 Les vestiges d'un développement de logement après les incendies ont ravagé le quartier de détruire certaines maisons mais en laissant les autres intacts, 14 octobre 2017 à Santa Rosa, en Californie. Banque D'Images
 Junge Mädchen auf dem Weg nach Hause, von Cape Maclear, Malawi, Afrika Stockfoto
⁂
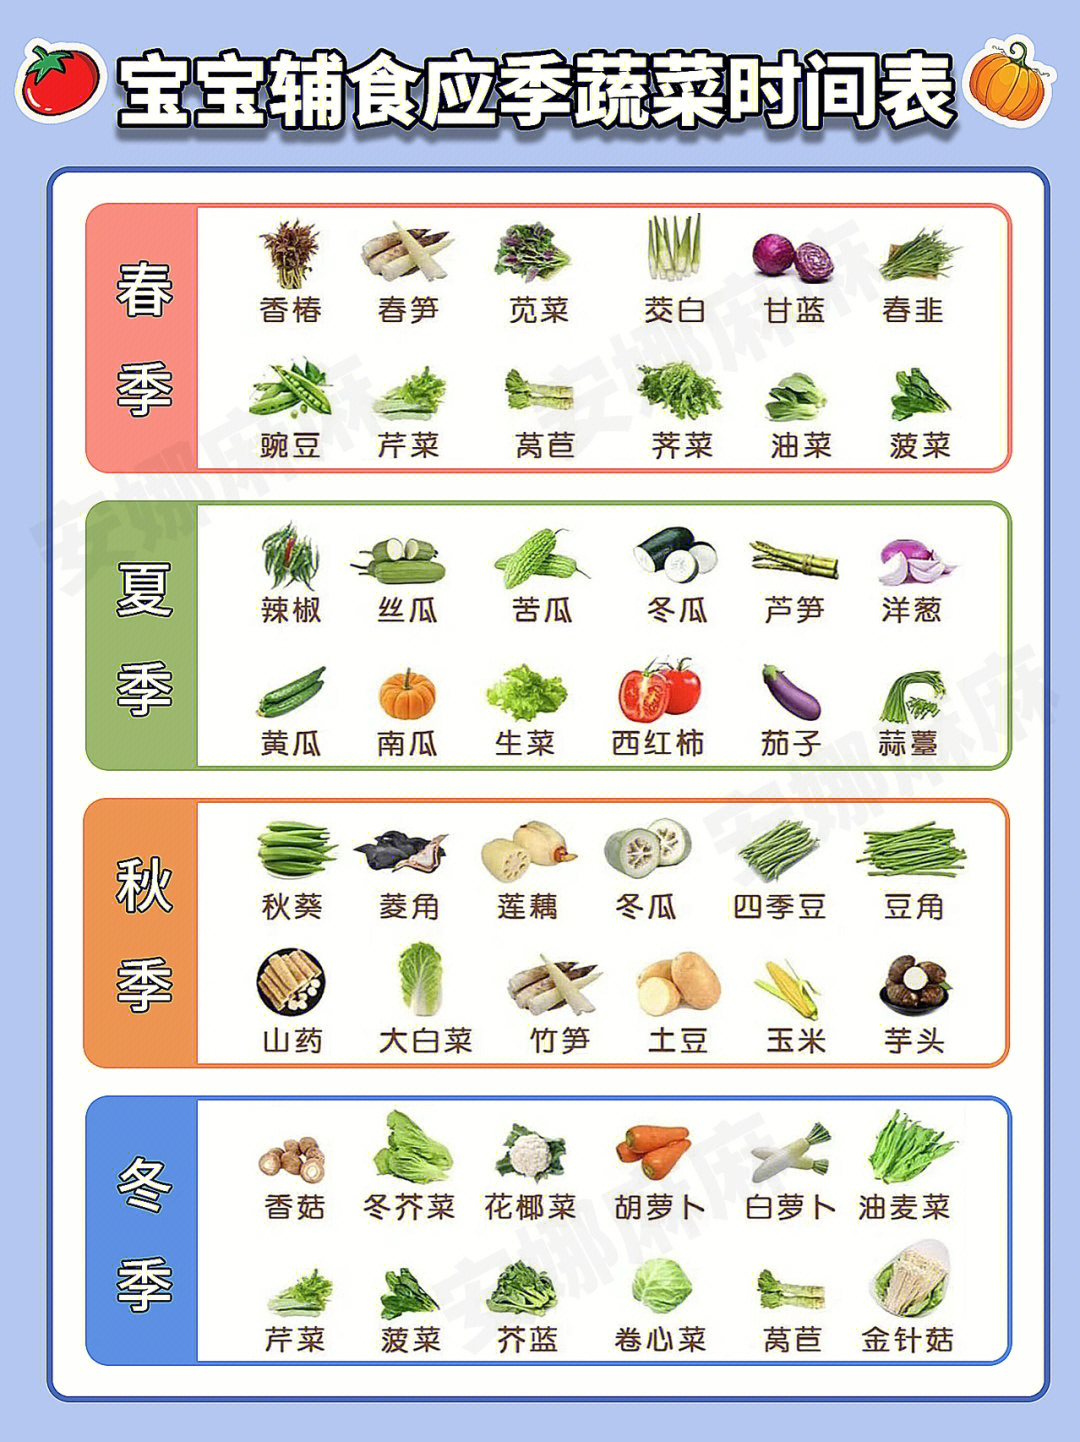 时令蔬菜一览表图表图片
⁂
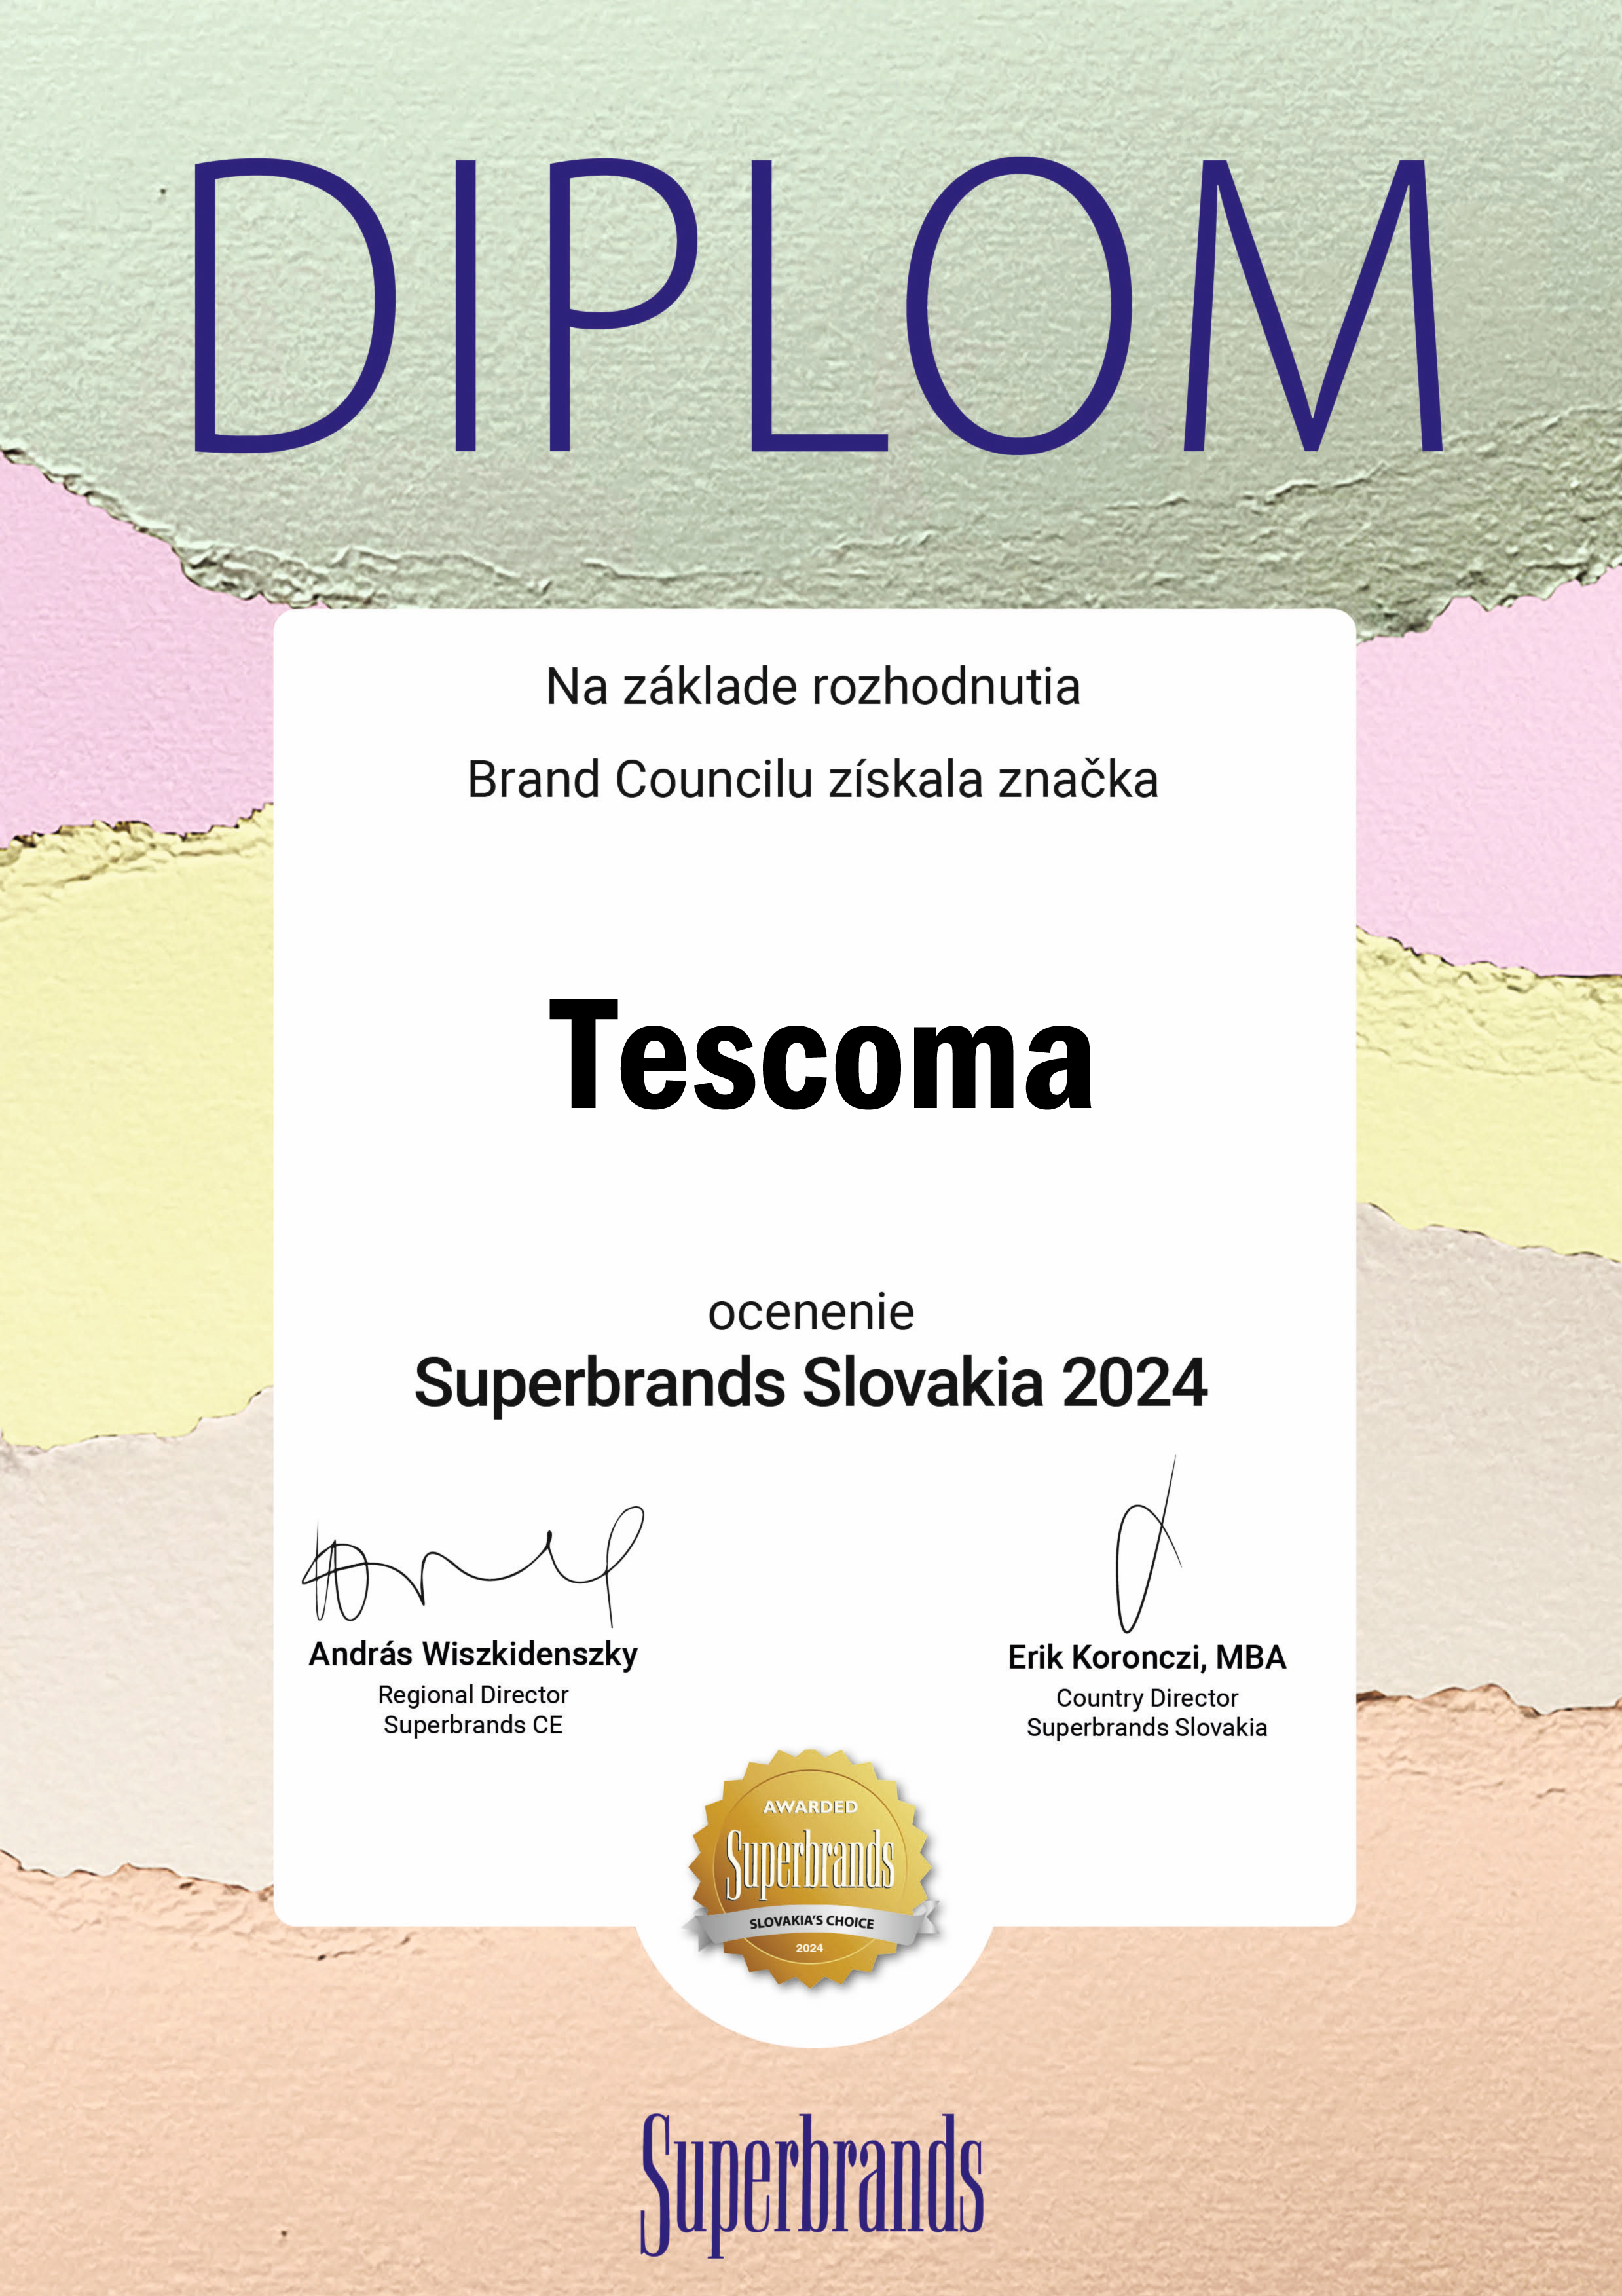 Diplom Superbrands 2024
⁂
Both end lines included, restate word for word the lines above from the line with "Les vestiges d'un" to the line with "Junge Mädchen auf", and nothing else.

- [YOUR RESPONSE]:
 Les vestiges d'un développement de logement après les incendies ont ravagé le quartier de détruire certaines maisons mais en laissant les autres intacts, 14 octobre 2017 à Santa Rosa, en Californie. Banque D'Images
 Junge Mädchen auf dem Weg nach Hause, von Cape Maclear, Malawi, Afrika Stockfoto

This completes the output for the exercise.